> TASK ITEM
Quote exactly the lines from the one with "Ustik 1220 x" to the end of the data, both included; omit the pictures.

> COLLECTED DATA
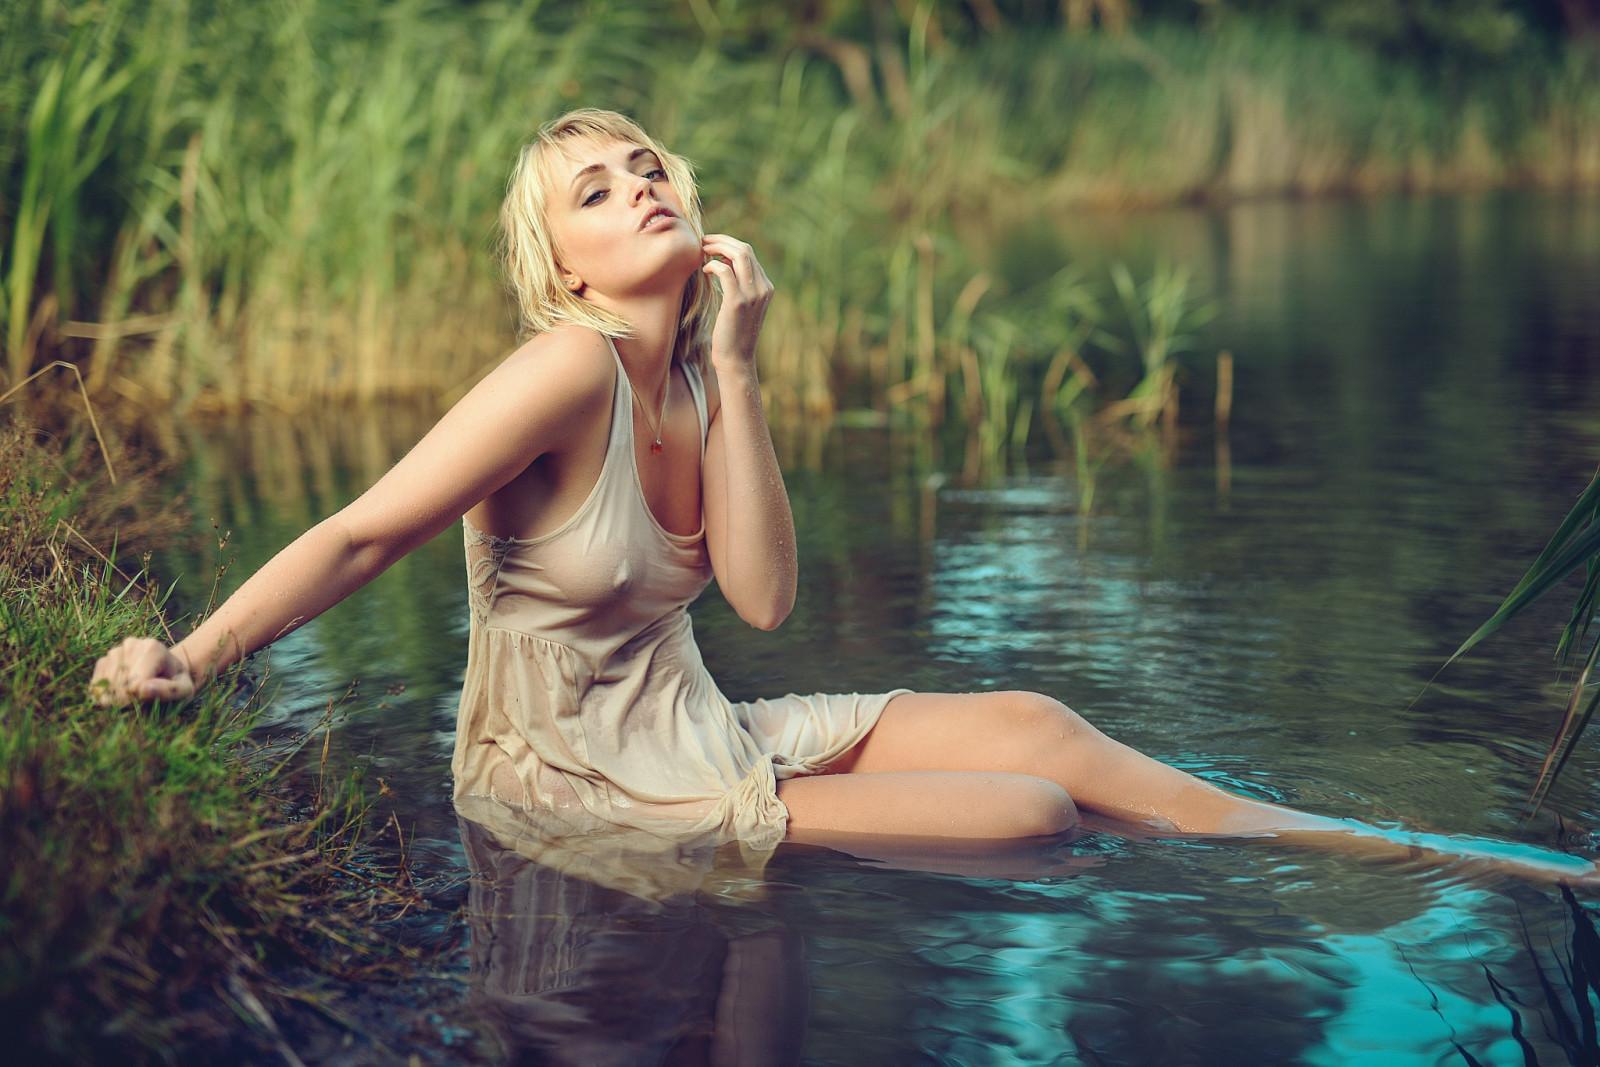 Dj Girl Wallpaper Hd Wallpaper Sunlight Women Blonde Lake Nature Short
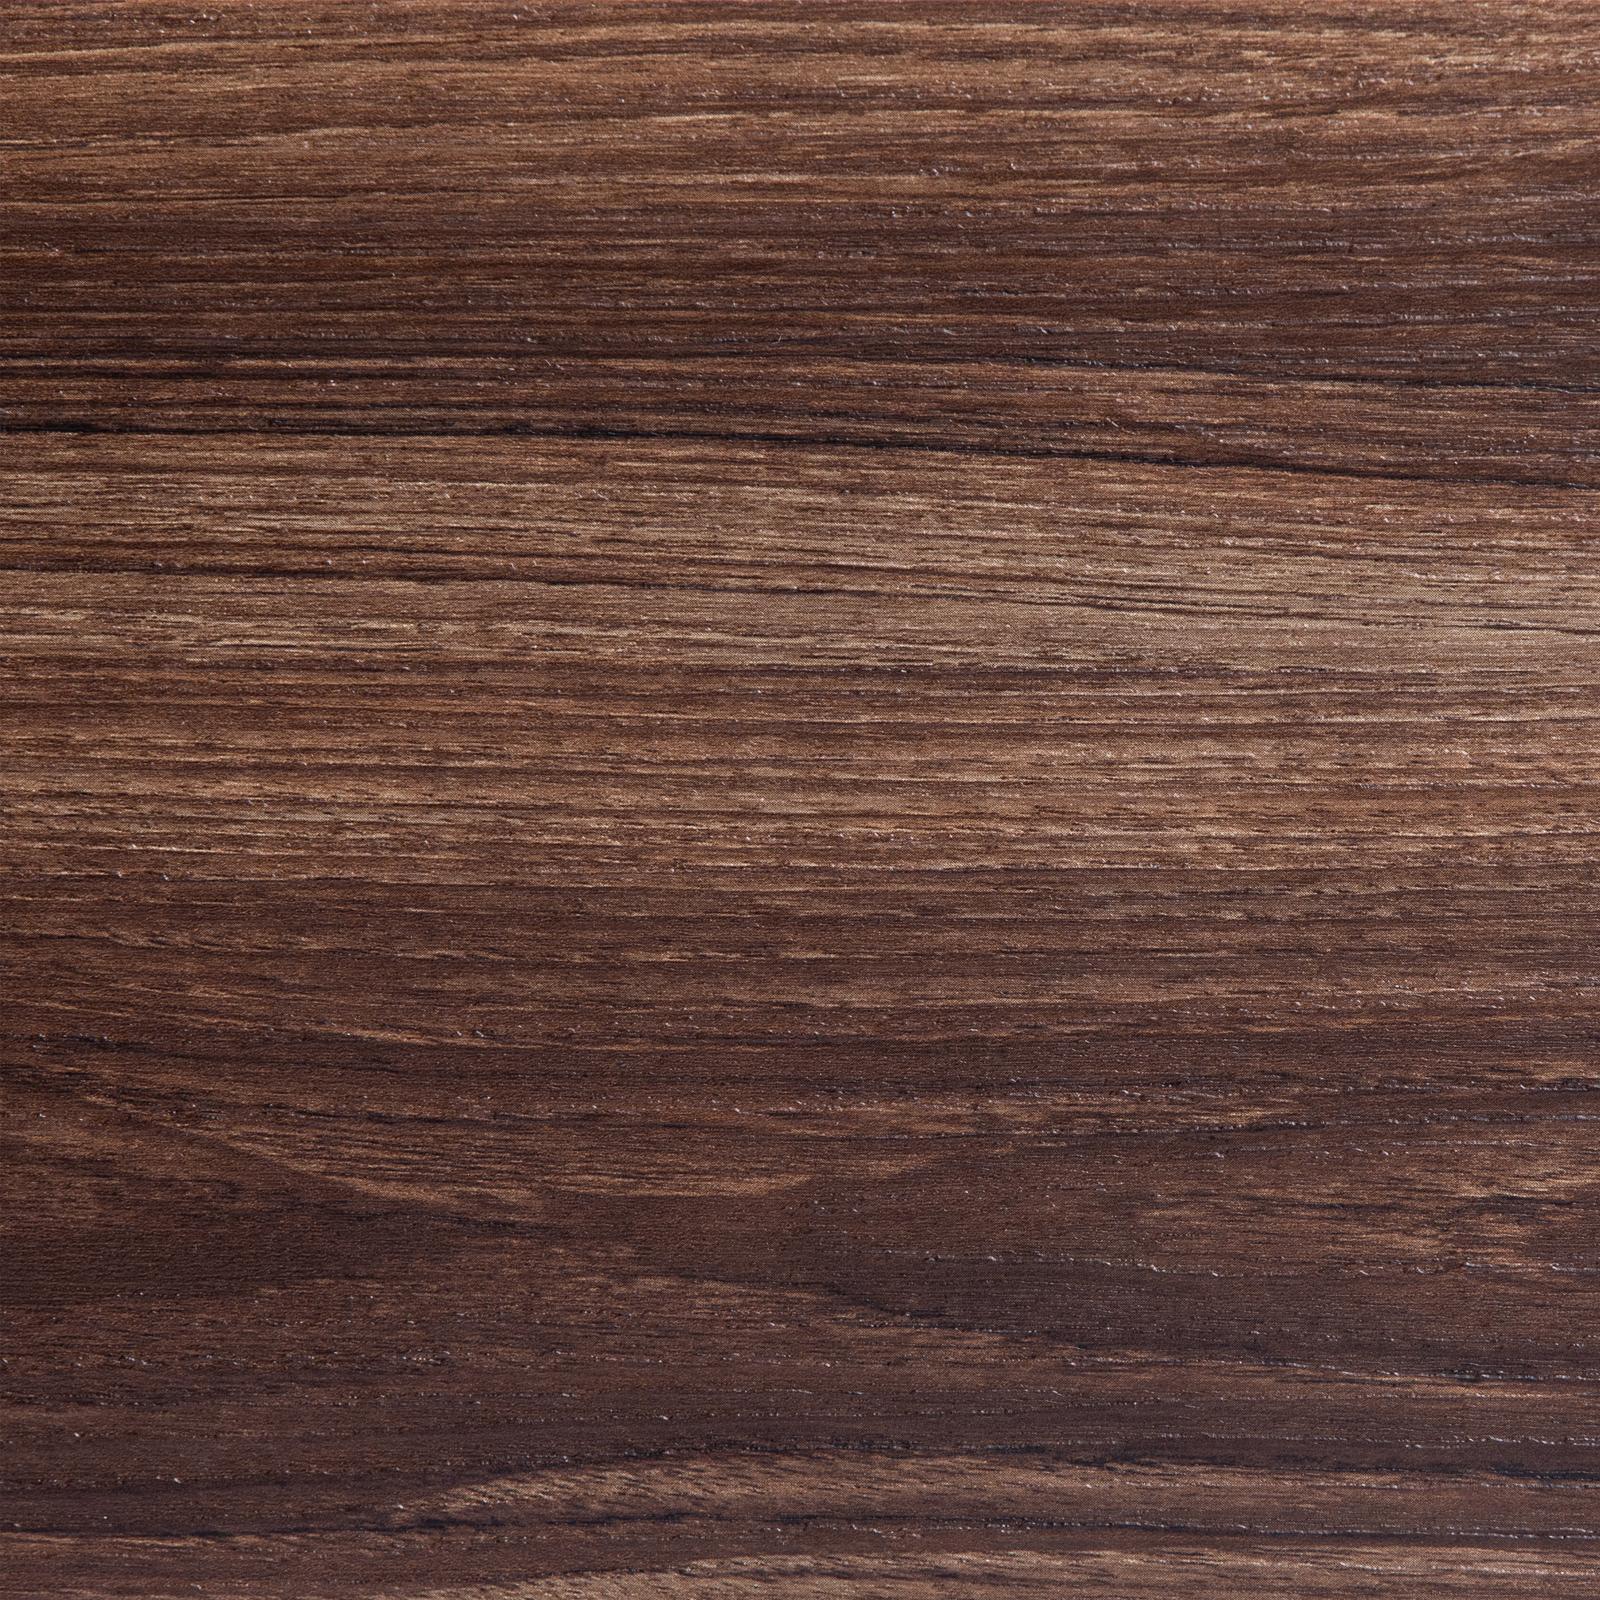 Ustik 1220 x 184 x 5mm 2.24m2  Winter Oak Peel And Stick Vinyl Plank - 10 Planks
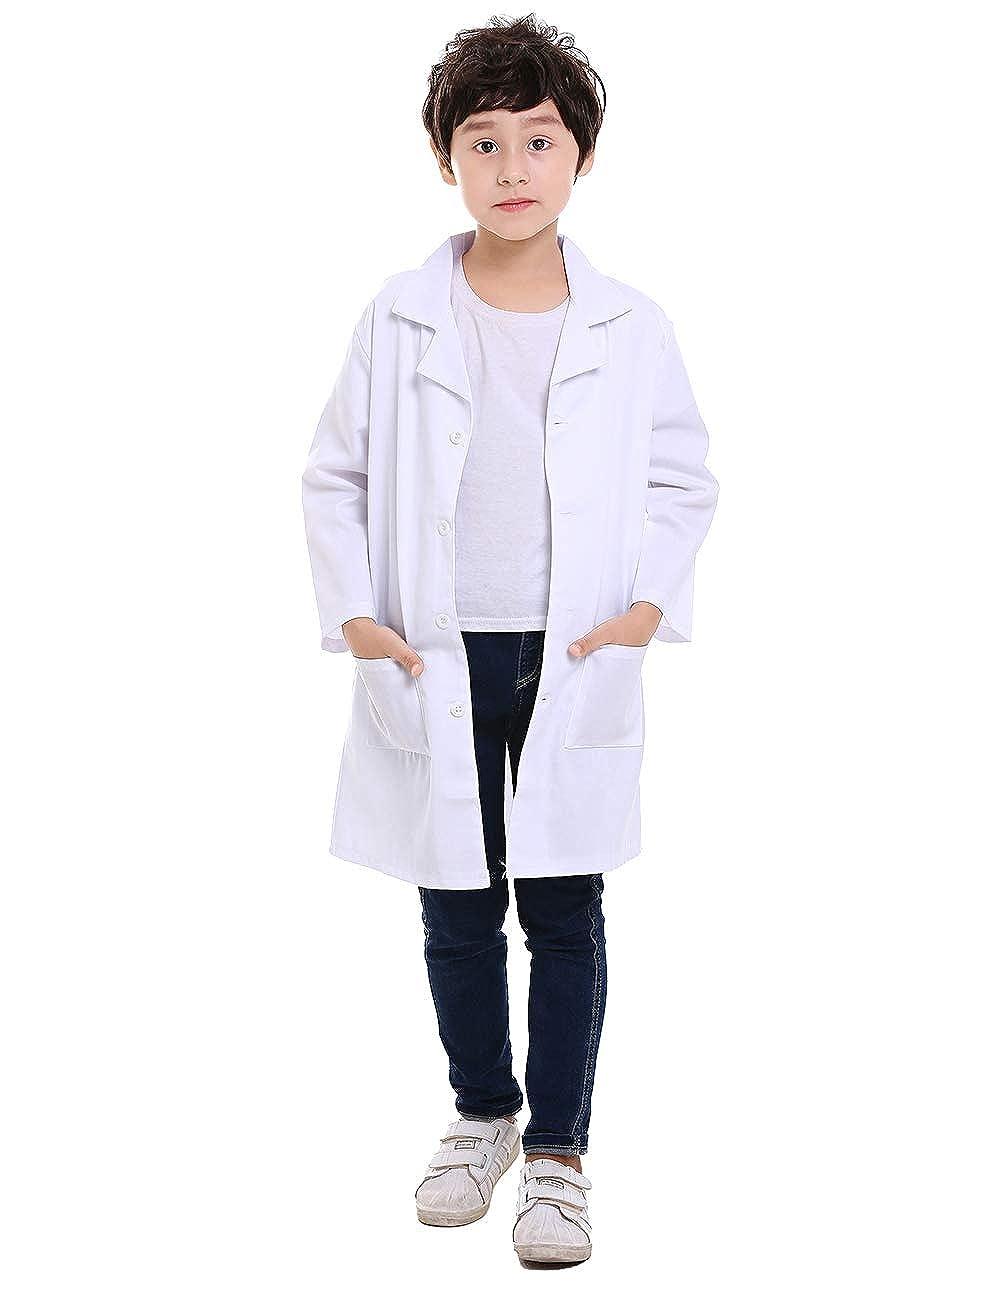 COTTON KIDS BOYS CHILDREN WHITE LAB COAT JACKET DOCTOR MEDICAL SCHOOL SHOWS
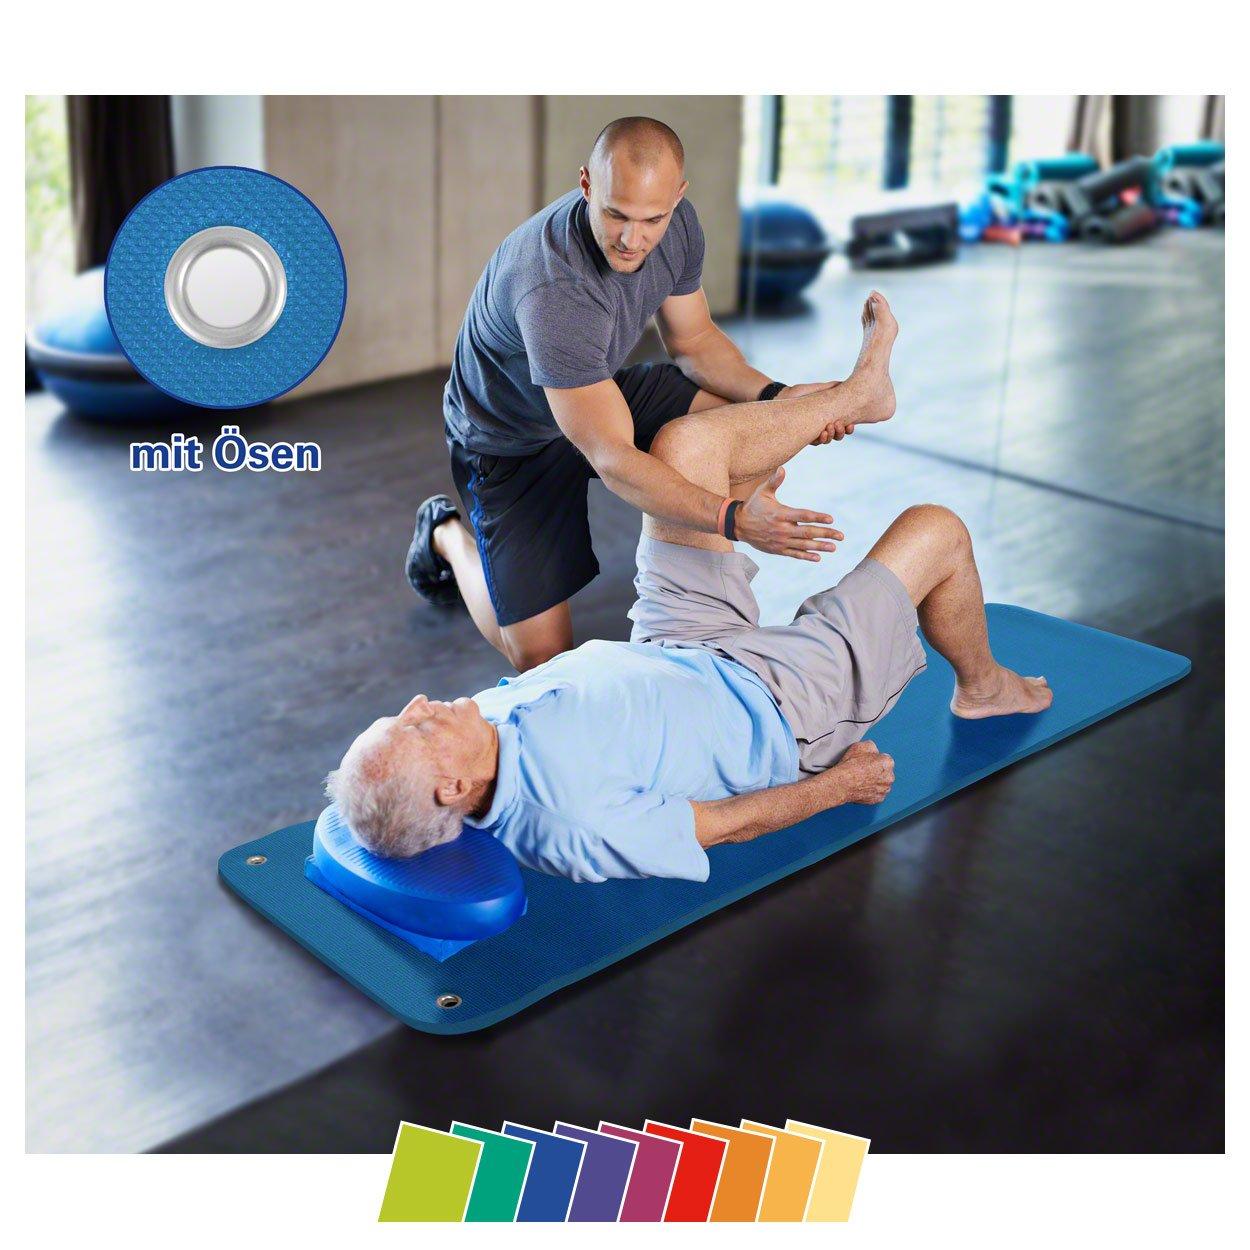 Sport-Tec Therapiematte inkl. Ösen, LxBxH 180x60x1,5 cm

> TASK RESULT
 Ustik 1220 x 184 x 5mm 2.24m2  Winter Oak Peel And Stick Vinyl Plank - 10 Planks
 COTTON KIDS BOYS CHILDREN WHITE LAB COAT JACKET DOCTOR MEDICAL SCHOOL SHOWS
 Sport-Tec Therapiematte inkl. Ösen, LxBxH 180x60x1,5 cm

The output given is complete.